Nicht vergebens wiederholt er den nämlichen Gedanken. Unser schwaches Gewissen bedarf viel, um zum Glauben geweckt zu werden, und damit der ganze Betrug des Zweifels schwinde. Daher antwortet er hier dem, der verwegen einwenden möchte, was geht's uns an, was die Apostel gesehen? Wir zwar, was uns betrifft, sind selig, weil wir Christum gesehen haben; die Liebe aber gibt uns nicht zu, dass wir uns mit unserem Heile begnügen; sondern sie nötigt uns, auch euer Heil zu suchen. Wir lassen uns demnach durch keine Gefahren hindern, und weichen keinen Mühsalen und Drangsalen, ja selbst dem Tode nicht, euch es zu verkündigen; indem wir wünschen, dass auch ihr selig werdet, und Gemeinschaft habt mit uns, und seine Jünger werdet, Bürger des himmlischen Jerusalems und teilhaftig des ewigen Lebens. Und dass ihr nicht allein Gemeinschaft habt mit dem Vater und dem Sohne, sondern, dass ihr bleibt in Gott durch den Glauben und der Sohn in euch bleibe, und euch zu Kindern Gottes umwandle. Daher suchen wir nicht euer Gold, wir trachten nicht euch in Knechtschaft zu bringen: wir wollen euch nicht schwere Lasten aufbürden; denn das ist nicht Sache der Apostel. Wir schreiben aber und geben Zeugnis, damit eure Freude vollkommen sei; nicht jene Schattenfreude der törichten Welt, welche sich bald in Trauer verwandelt, sondern jene wahre ewig dauernde Freude, weil Christus in euch herrscht.
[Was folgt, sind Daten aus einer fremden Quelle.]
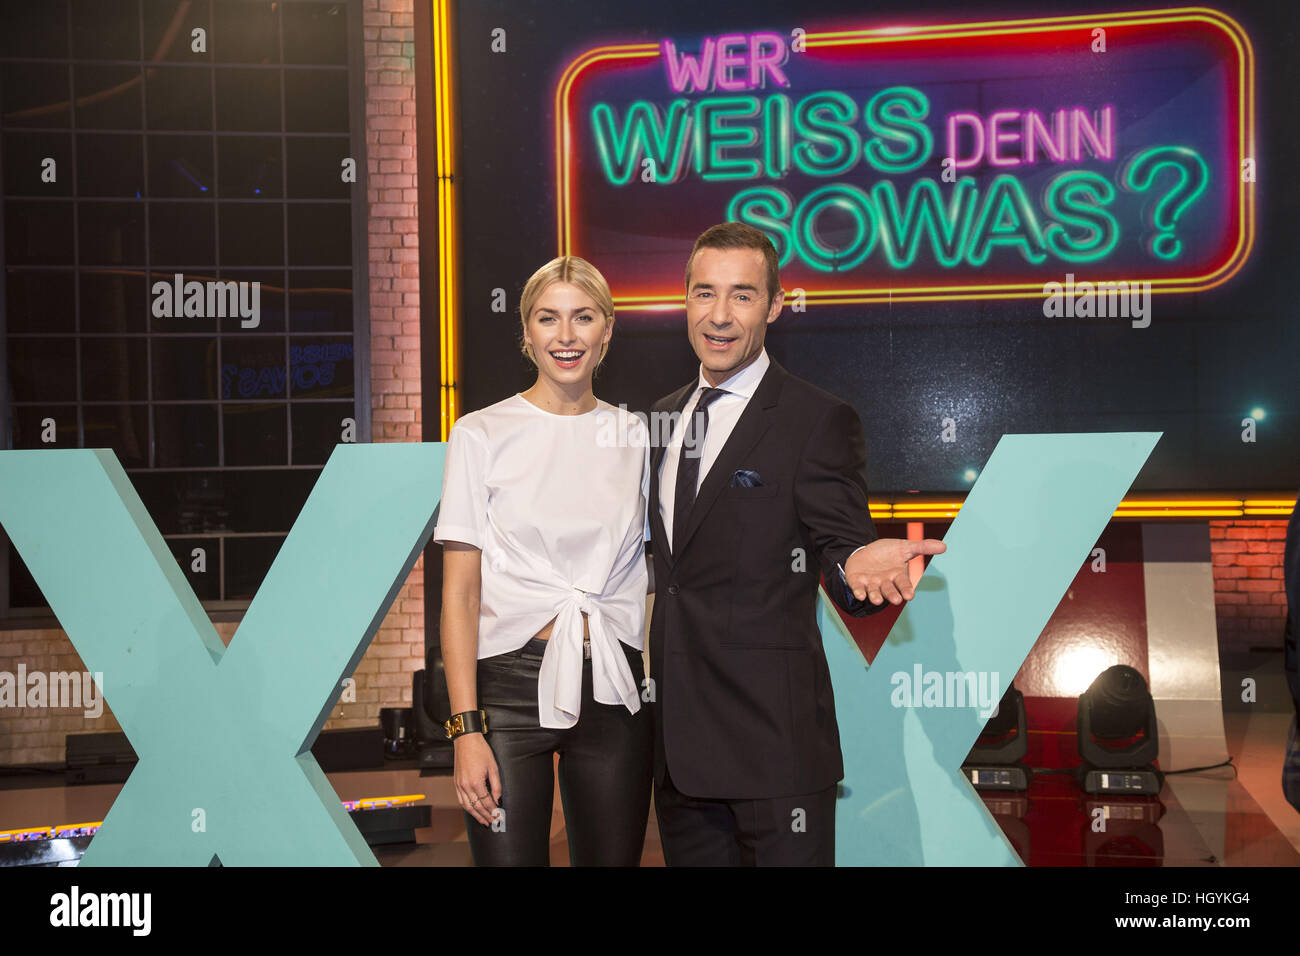 Celebrities attending the 'Wer weiss denn sowas? XXL' how at Studio Hamburg  Featuring: Lena Gercke, Kai Pflaume Where: Hamburg, Germany When: 13 Dec 2016 Stock Photo

Der Zweck aber des ganzen Briefes ist, meiner Ansicht nach, dass wir Gemeinschaft haben mit dem Vater und dem Sohne und dadurch mit allen Heiligen. Ähnliche Freunde verkündet auch der Engel den Hirten; indem er sagte: „Siehe ich verkündige euch große Freude, welche allem Volke wiederfahren wird; denn euch ist der Heiland der Welt geboren!“ Und seit der Zeit feiern wir zum Andenken dessen den Festtag der Erscheinung des Herrn, an welchem das unaussprechliche Wort zu unserem Heile Fleisch geworden ist. Wir müssen demnach gleich wie jene Hirten, welche Nachtwache hielten, sich aufmachten nach Bethlehem, auch in Wachsamkeit des Geistes, mit Unterdrückung der bösen Gedanken, des Stolzes, Neides und der unerlaubten Begierden, im Glauben das Wort annehmen, welches uns verkündigt wird; indem wir erwägen, wie köstlich es ist, und wie notwendig für uns, auf dass auch unsere Freude vollkommen werde. Diese wird aber am vollkommensten sein, wenn Christus in unseren Herzen wohnt und herrscht, und uns, wenn er nach seiner Verheißung wieder kommt, zu sich aufnimmt. Amen.